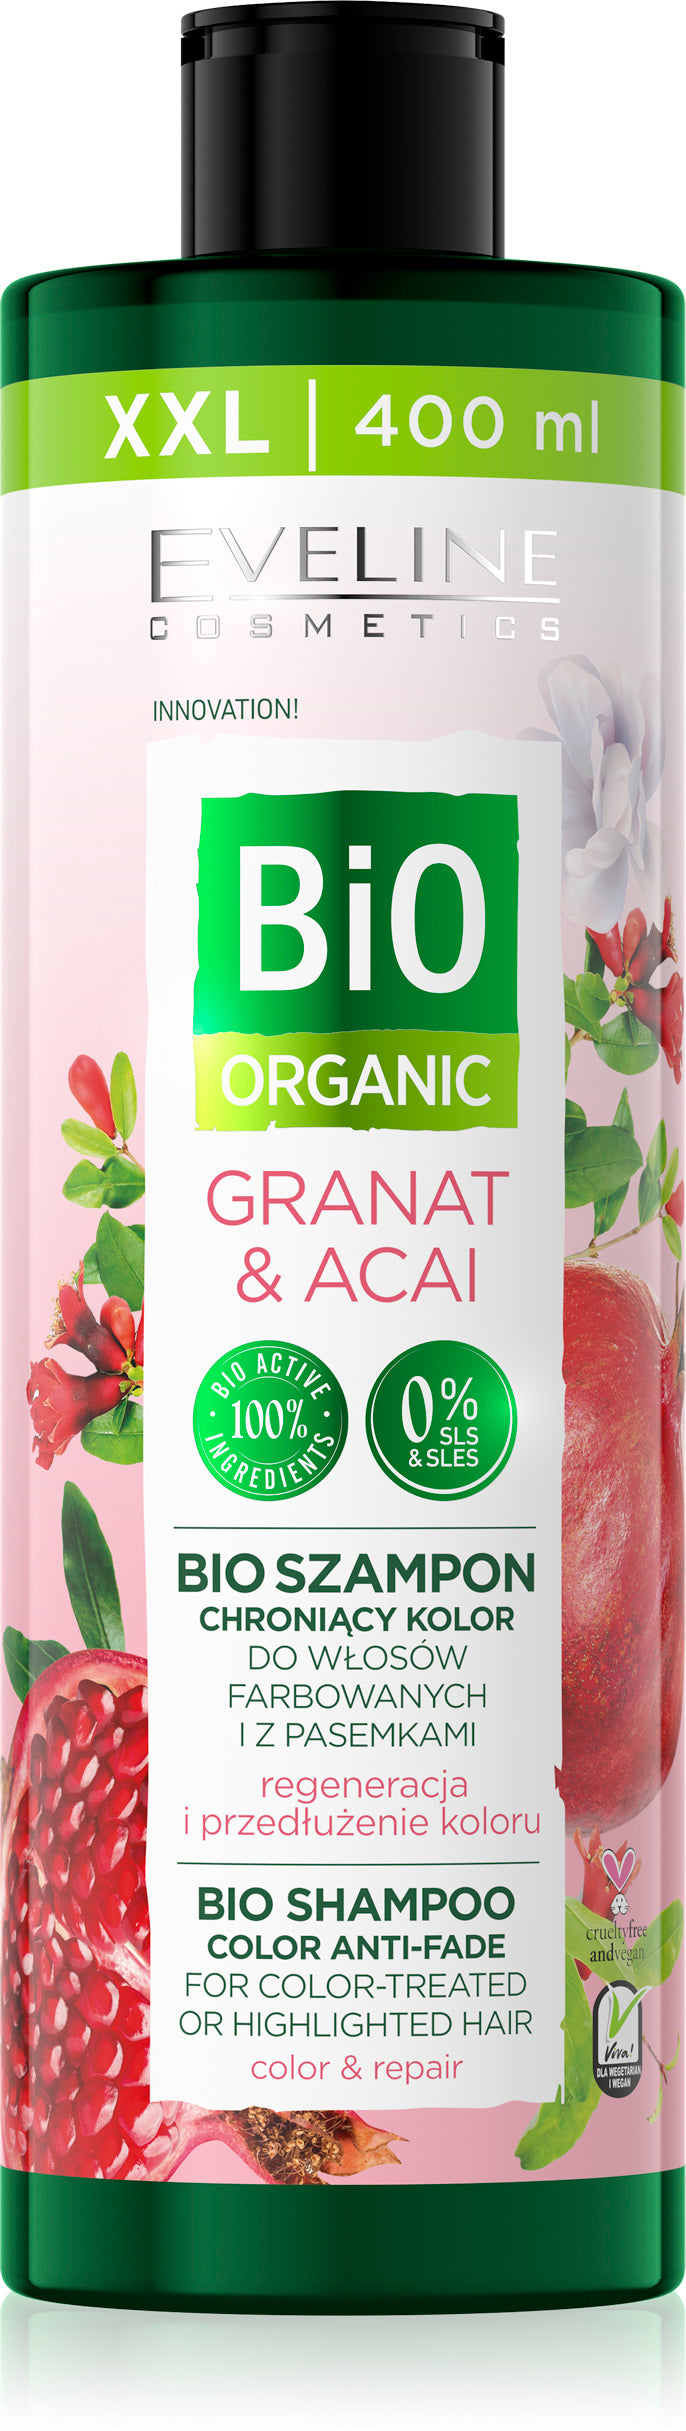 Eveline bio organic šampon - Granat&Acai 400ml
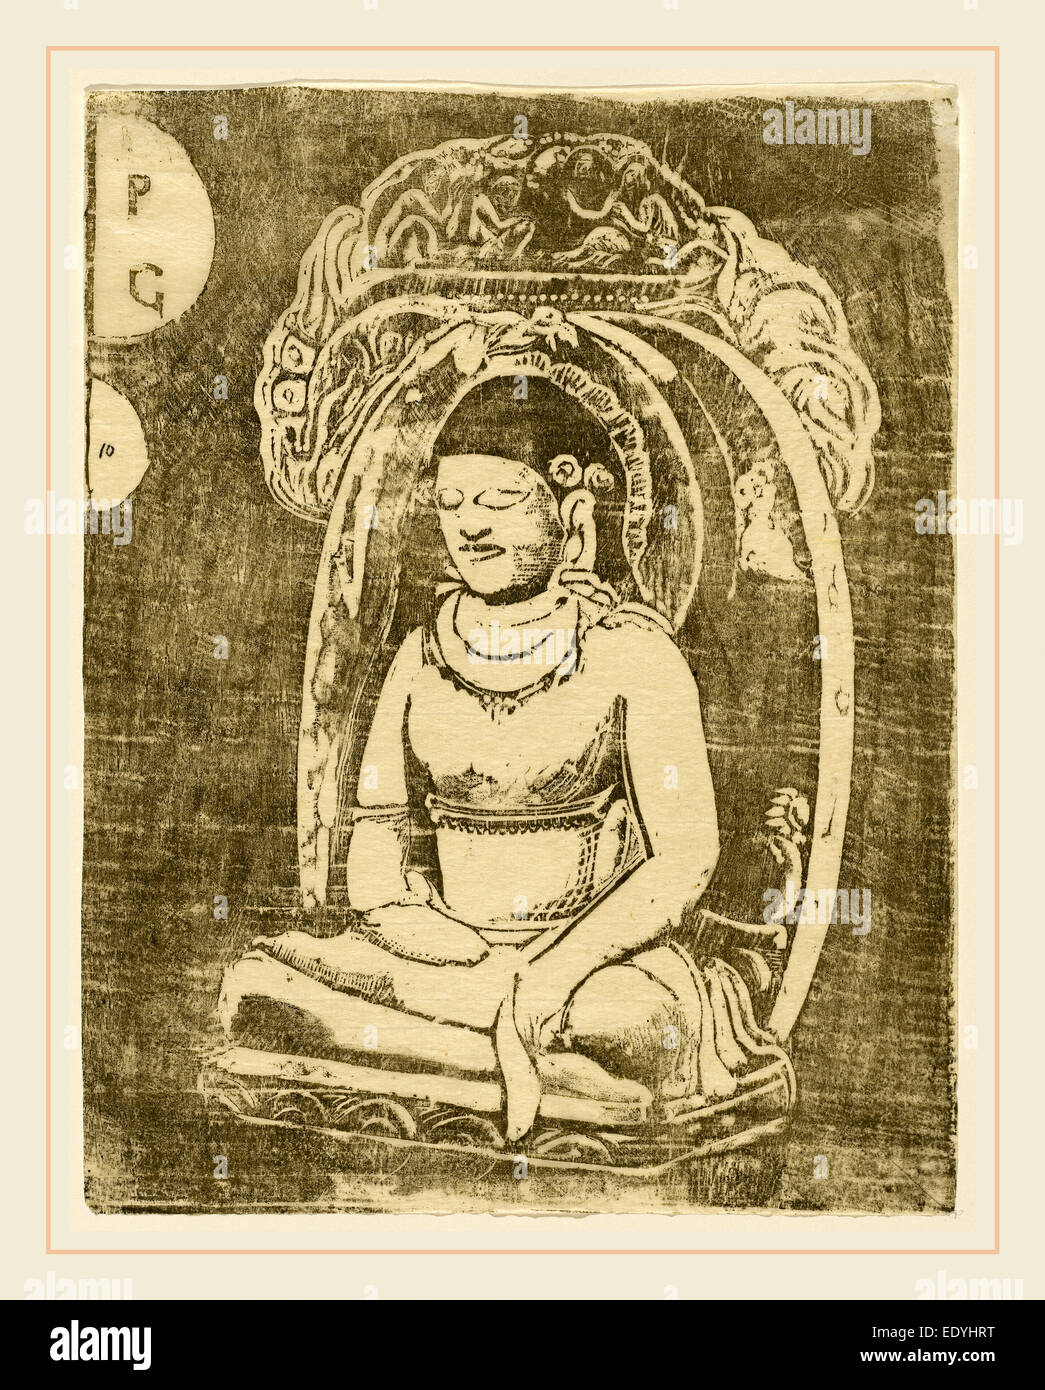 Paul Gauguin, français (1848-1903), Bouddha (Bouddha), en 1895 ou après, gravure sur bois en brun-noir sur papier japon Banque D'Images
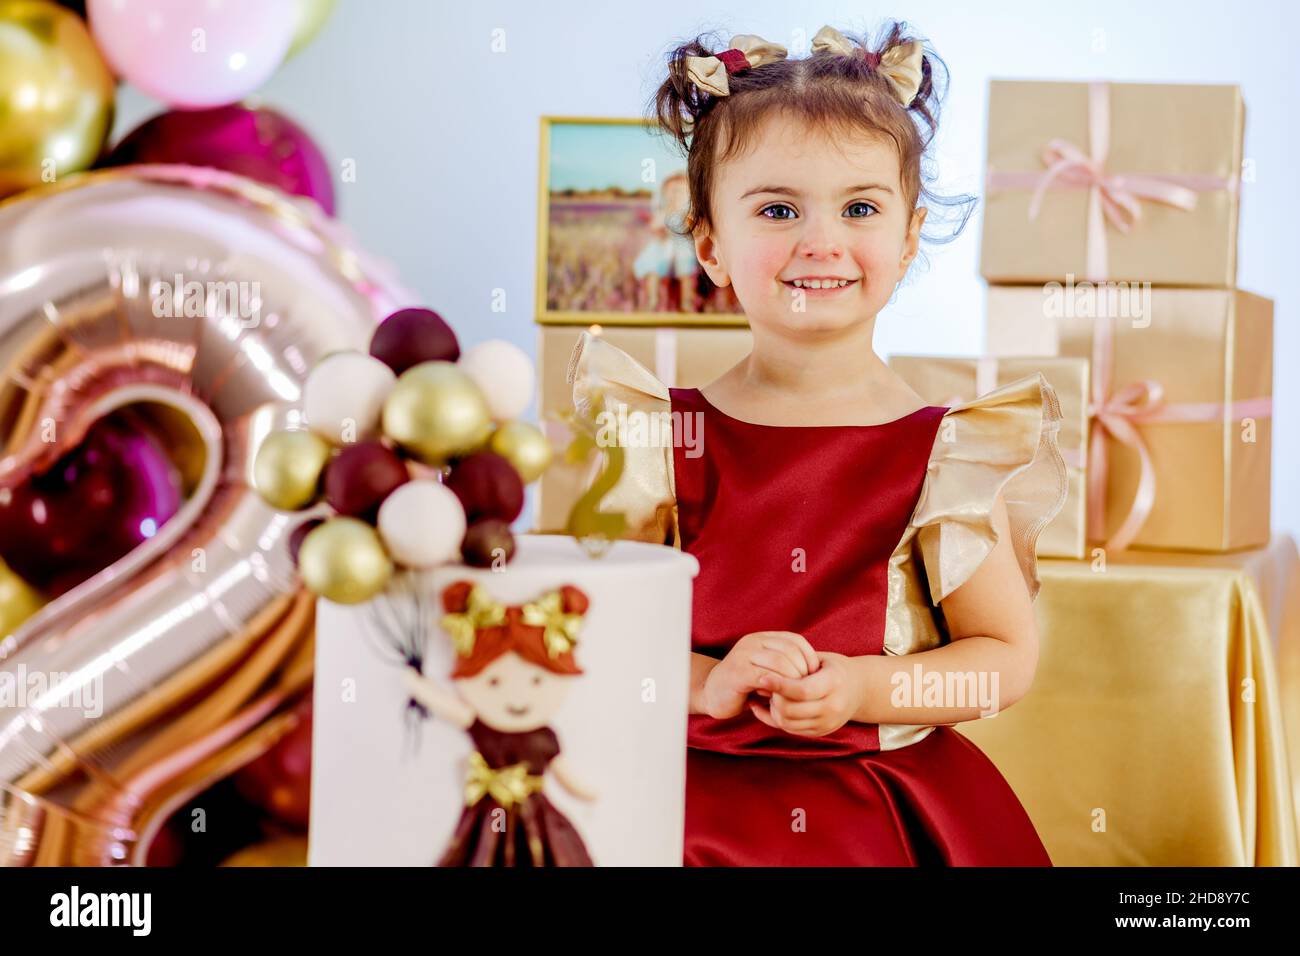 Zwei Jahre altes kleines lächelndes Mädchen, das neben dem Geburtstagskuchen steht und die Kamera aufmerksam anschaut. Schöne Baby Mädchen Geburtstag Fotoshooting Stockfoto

****************

Copy exactly the lines that run from the line containing "Paul Gauguin, français" to the end of the data above, keeping both end lines and leaving out all pictures.

SOLUTION BELOW »
 Paul Gauguin, français (1848-1903), Bouddha (Bouddha), en 1895 ou après, gravure sur bois en brun-noir sur papier japon Banque D'Images
 Zwei Jahre altes kleines lächelndes Mädchen, das neben dem Geburtstagskuchen steht und die Kamera aufmerksam anschaut. Schöne Baby Mädchen Geburtstag Fotoshooting Stockfoto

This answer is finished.